Despite the focus on electrification, which Mr Leroy said was exemplified by the hybrid Tj Cruiser and GR HV Sports concepts unveiled in Tokyo, he also said Toyota remained committed to the development of hydrogen technology, as demonstrated by the Fine-Comfort Ride (F-CR) and Sora bus concepts also previewed at the show.
Before the fruit of the EV partnership is revealed, Mr Leroy confirmed that cloud-based artificial intelligence (AI) technology will be rolled out in Japan and the United States from next year, with full autonomous and completely driverless technology available for use on freeways by 2020.

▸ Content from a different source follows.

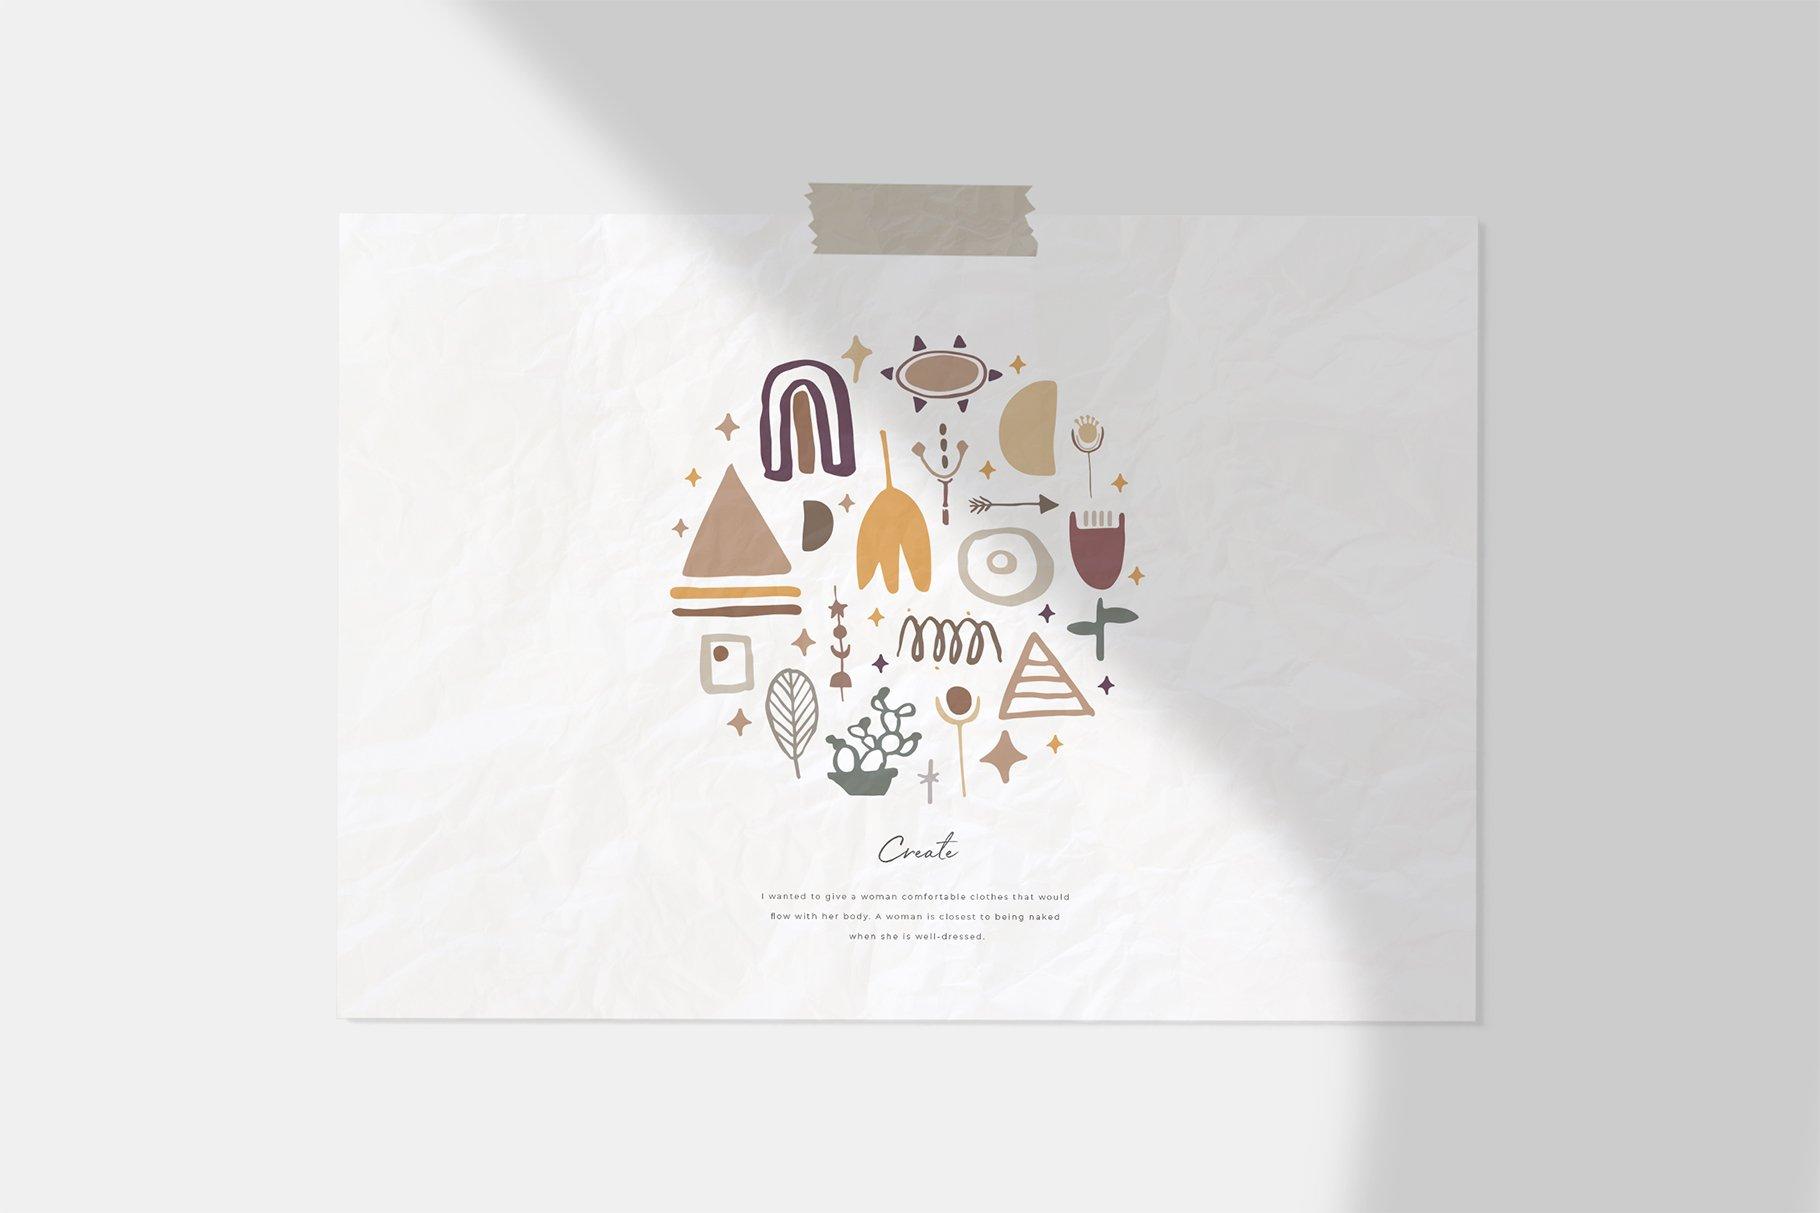 400多个波西米亚元素装饰图案背景AI图片素材 Boho Philosophy Collection插图(1)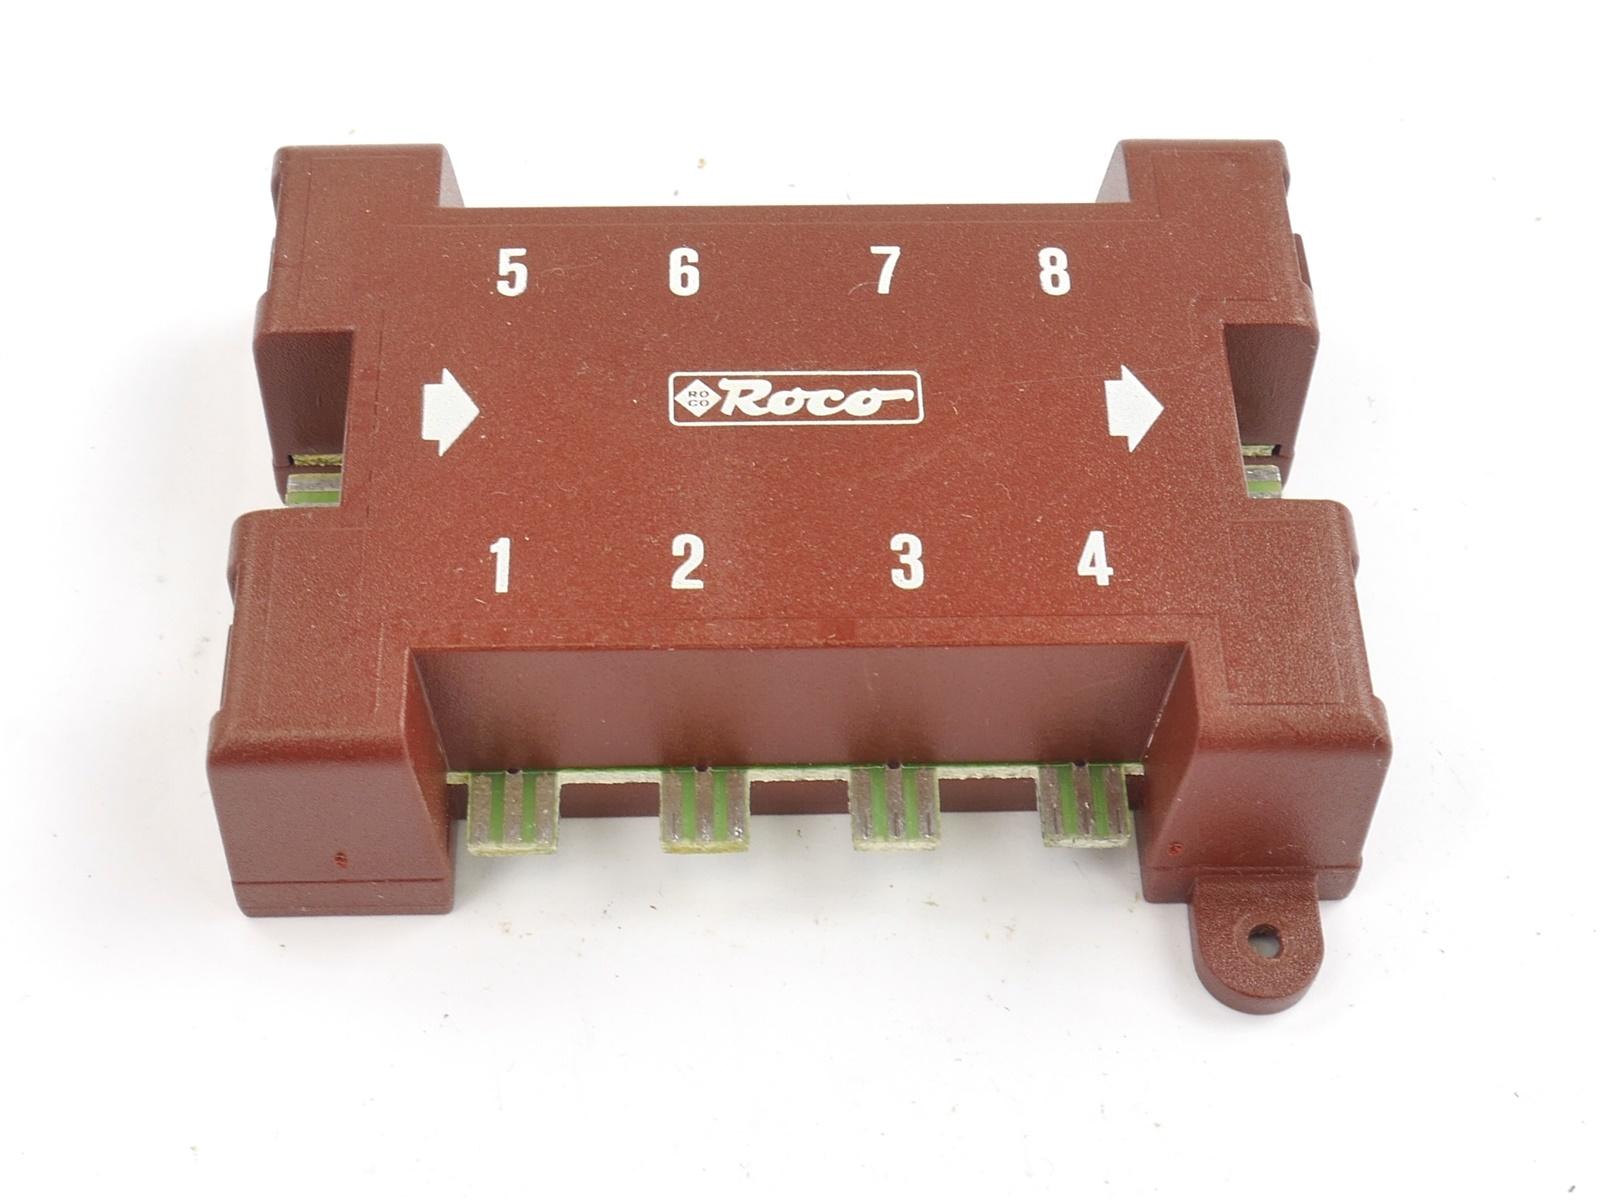 E163 Roco H0 N 10212 Zubehör Gleisbildstellpult Gleisbildstellwerk Anzeigemodul

“Artificial intelligence … will only be possible thanks to connectivity and big data,” he said.
“That is why, as early as 2018, the new Toyota Crown based on the concept here … will be the new norm for connected vehicles in Japan.
“After Crown, we will equip almost all of our passenger cars in Japan and the US by 2020 with data communication modules and connection to our Mobility Service Platform in the cloud.” The next-generation Crown was previewed at the Tokyo show by a concept based on the Toyota New Global Architecture – as used by the C-HR and the latest Prius hybrid – while prototypes have been undergoing testing at the Nurburgring in Germany.
The company says the focus with the new Crown is on both vehicle connectivity and dynamic performance.
As previously reported, TMC further previewed AI technology with a duo of mobility “objects” dubbed Concept-i – including i-Walk that allows an owner to continue a journey where vehicles cannot, and i-Ride which is a 2.5m-long passenger pod.
Both incorporate an AI agent called Yui, who “understands people”. It will gather cloud-based data and owner information and habits, aimed at acquiring “deep learning” of the owner while “measuring emotions and estimating preferences”.
A form of AI could be syncing the navigation to a destination the computer recognises an owner needs to go, changing a route due to a traffic jam, and finding a carpark thanks to real-time communication with other road users.
Such technology will provide the basis for what TMC has dubbed “automated driving” with both Chauffeur and Guardian modes set to be offered in future.
“In Chauffeur mode, our cars will be smart enough to handle all driving tasks and provide mobility to those who cannot enjoy it now,” Mr Leroy said.
“In Guardian mode, we combine human and machine skills to make driving safer and to keep the liberating feeling of driving as the car’s technology is running in the background for your safety.
“Guardian and Chauffeur both reflect Toyota’s unique approach of developing a safety system where the driver and the car act like teammates. We call it Mobility Teammate, and it will be on the market in 2020 for highways and in the early 2020s for normal roads.” Lexus also used the Tokyo motor show to display an LS+ concept with high levels of autonomous driving capability, which is expected to reach the LS production model by 2020.